Your goal
Using the data that follows, give again word for word the lines between the one holding "Fixed gear bicycle. Stock Photo" and the one holding "A viewer's perspective", inclusive. Omit the pictures.

Data for this exercise

■ ■ ■ ■ ■

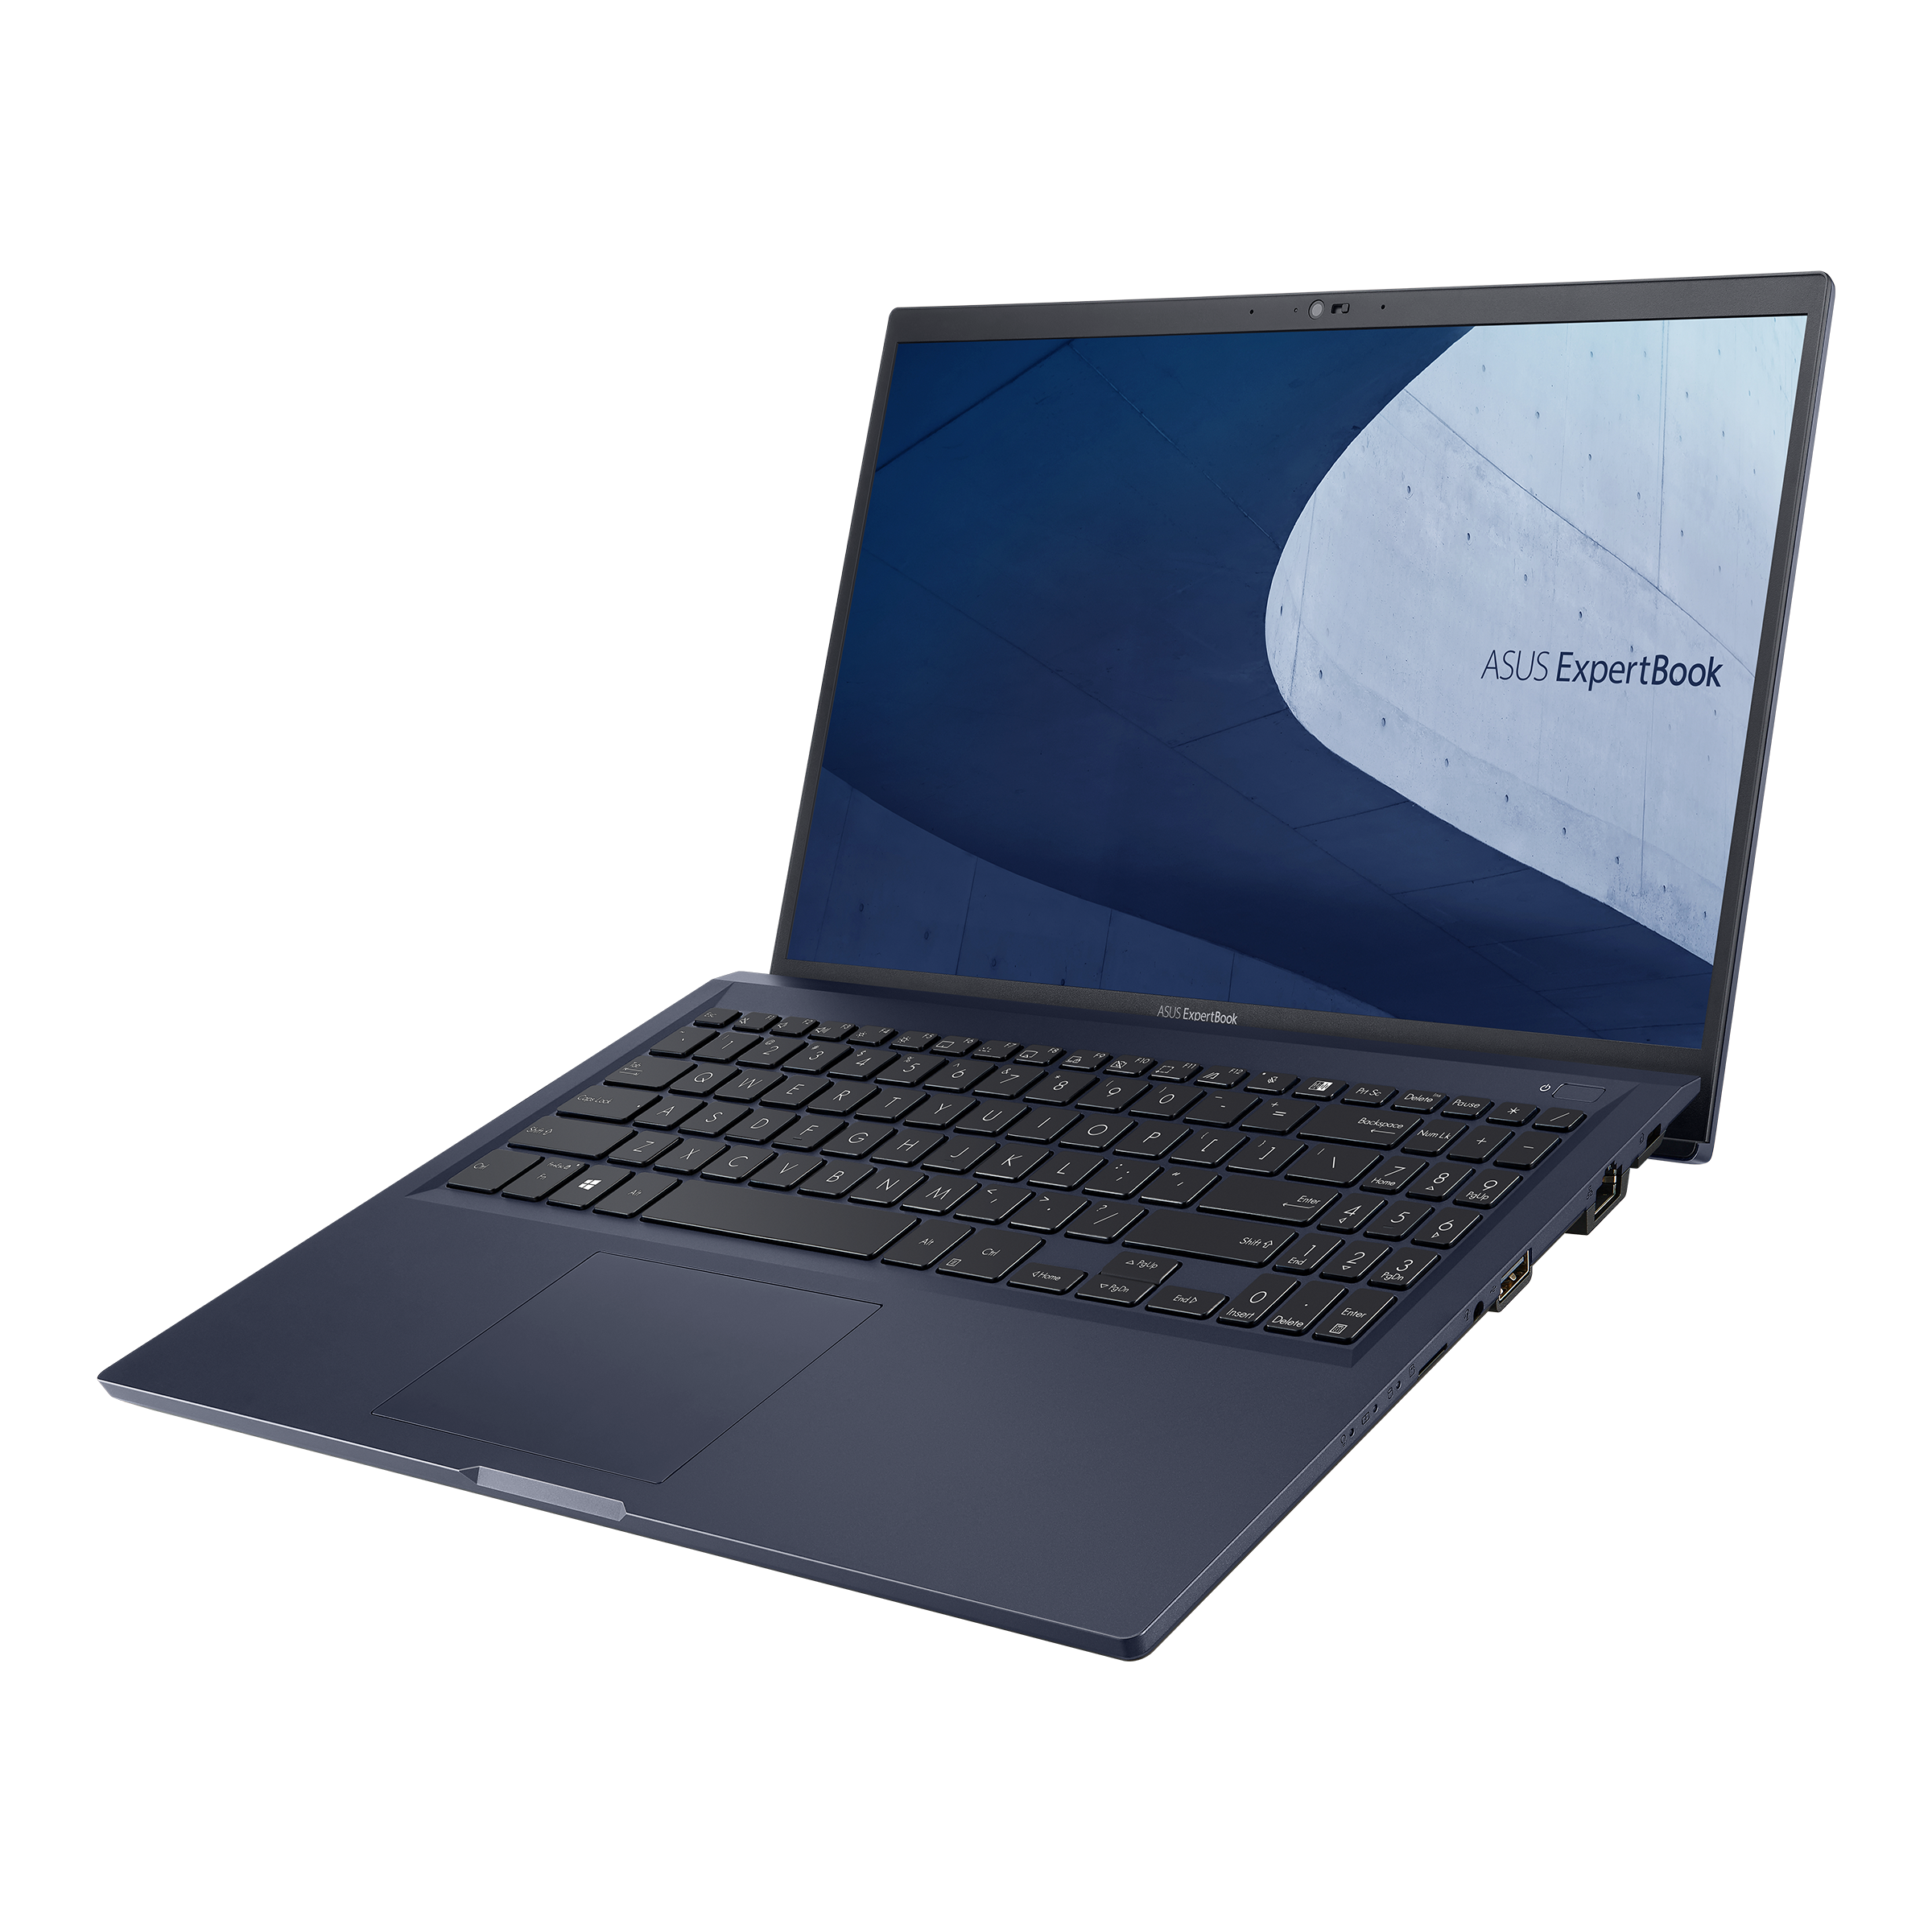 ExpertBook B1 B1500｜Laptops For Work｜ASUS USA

■ ■ ■ ■ ■

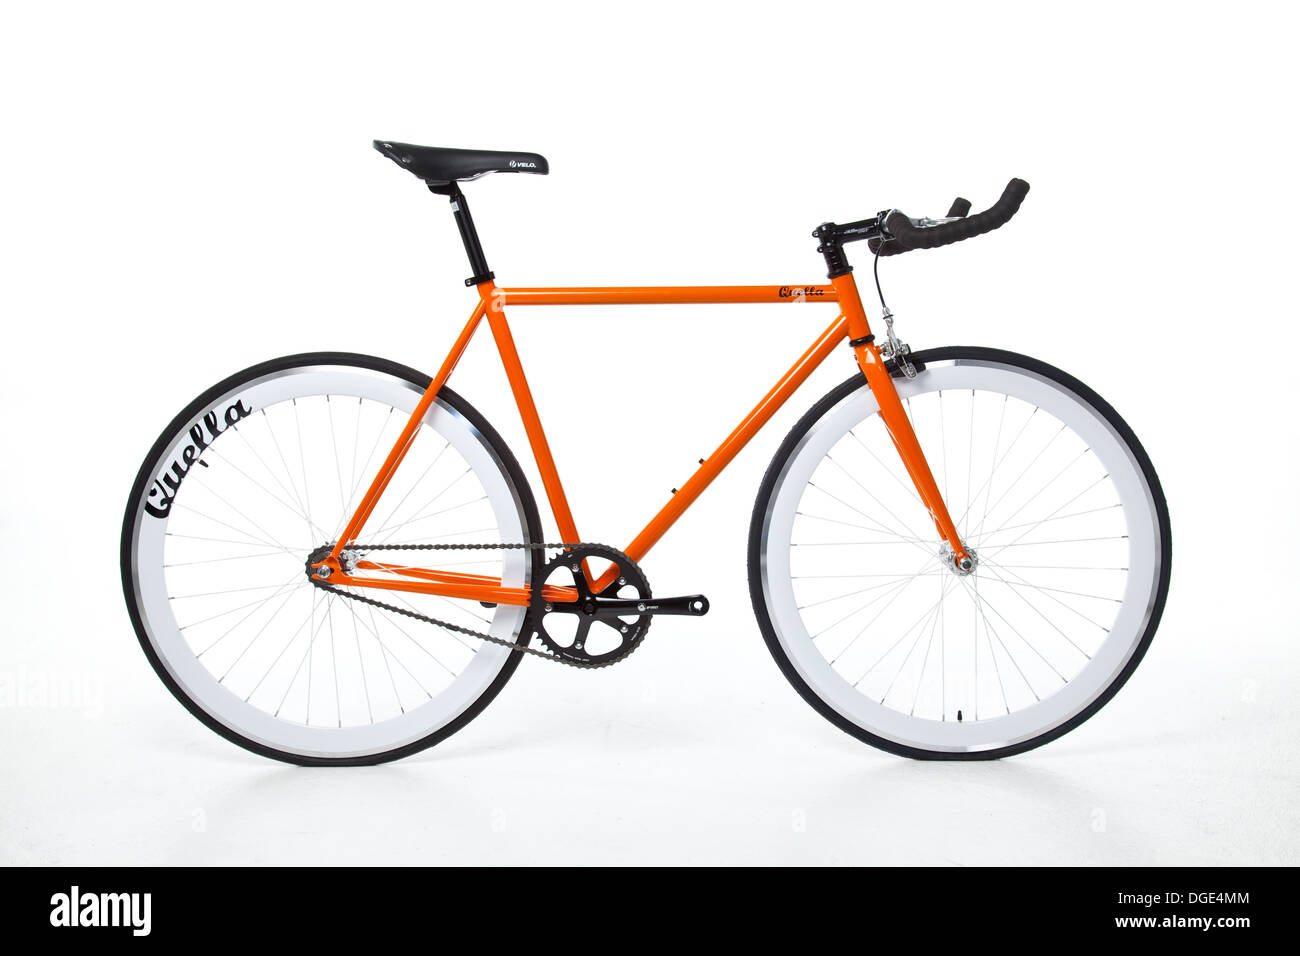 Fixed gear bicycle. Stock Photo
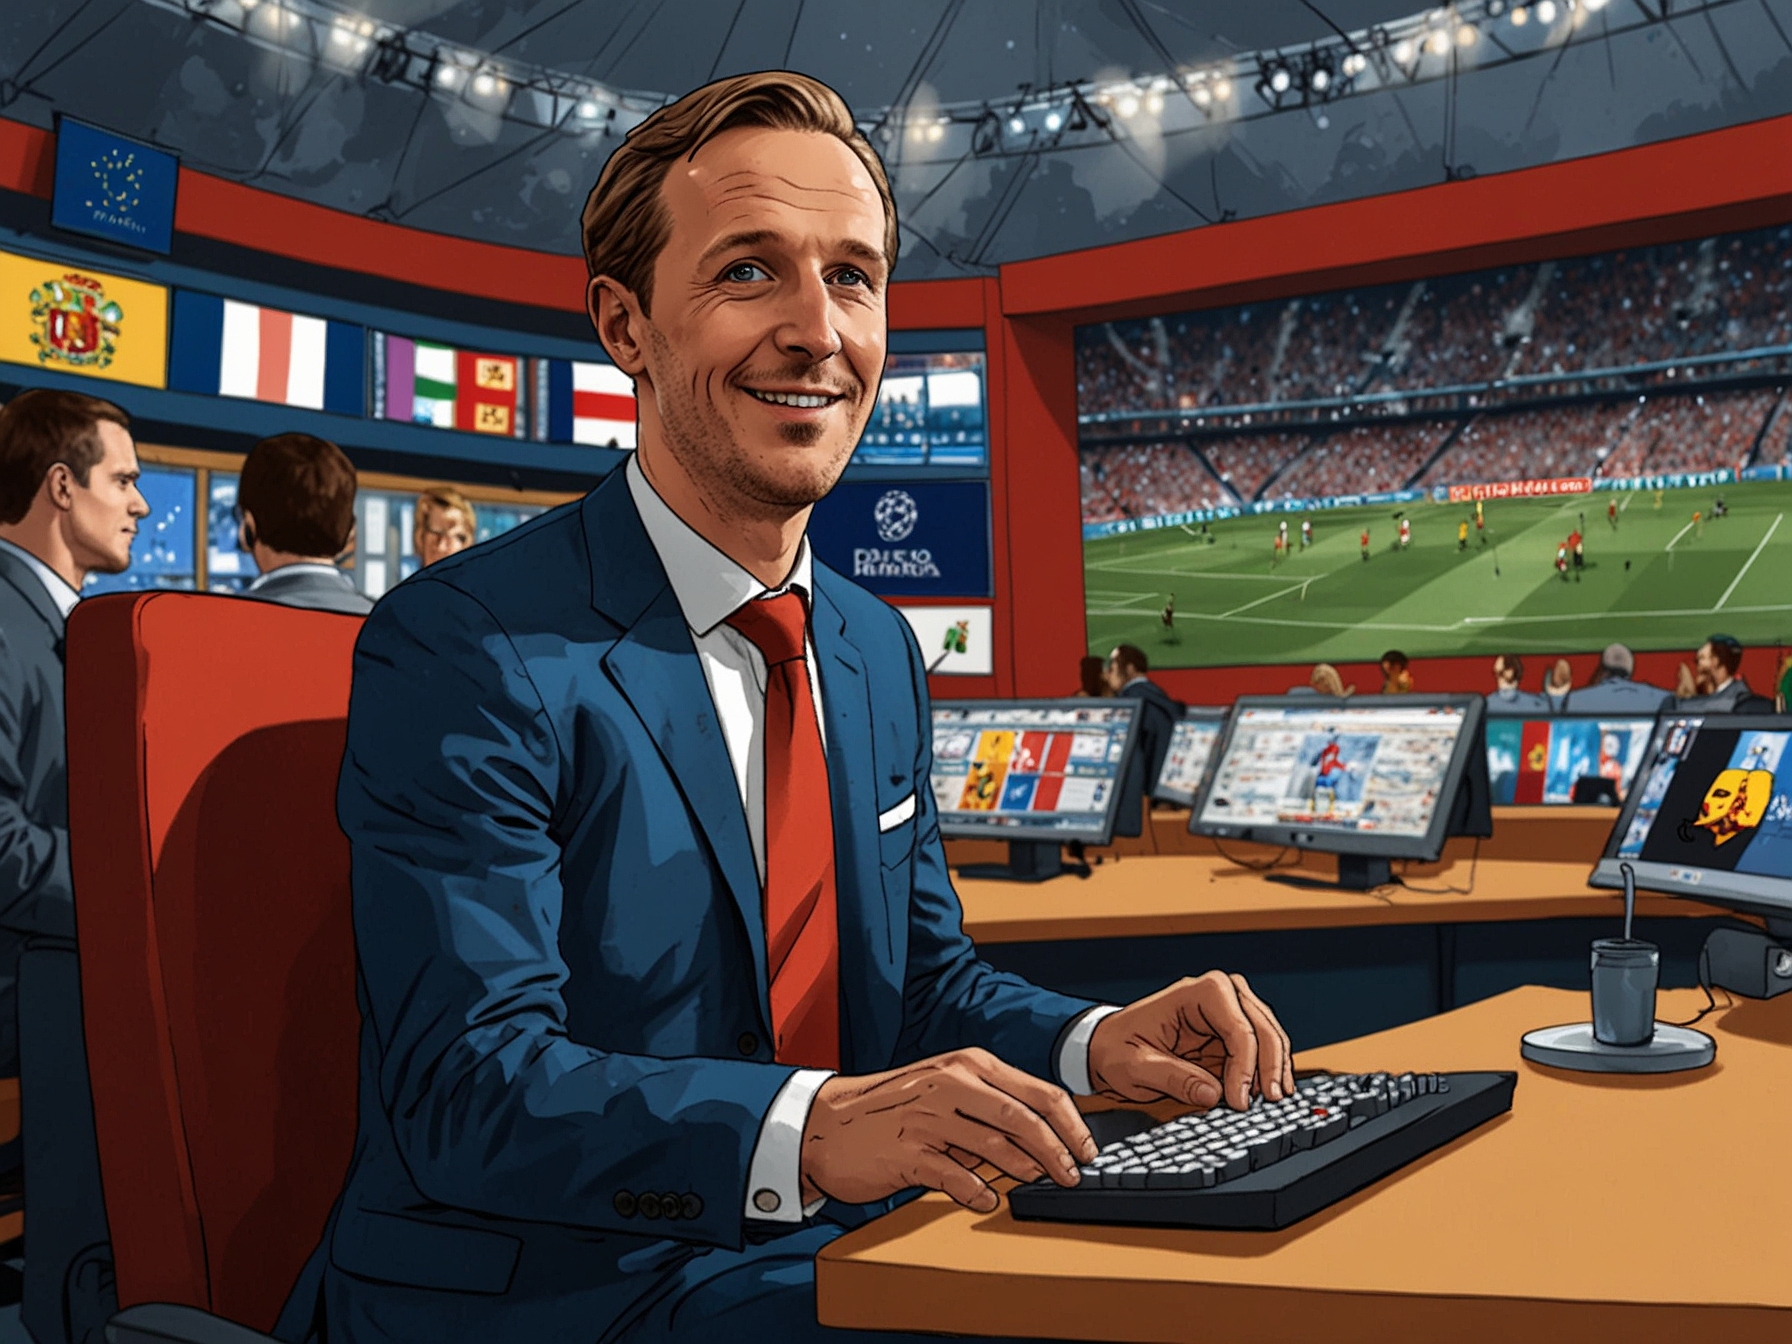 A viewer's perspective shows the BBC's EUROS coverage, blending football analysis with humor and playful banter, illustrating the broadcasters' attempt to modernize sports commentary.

■ ■ ■ ■ ■

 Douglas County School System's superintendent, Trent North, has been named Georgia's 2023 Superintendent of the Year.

■ ■ ■ ■ ■

Response
 Fixed gear bicycle. Stock Photo
 A viewer's perspective shows the BBC's EUROS coverage, blending football analysis with humor and playful banter, illustrating the broadcasters' attempt to modernize sports commentary.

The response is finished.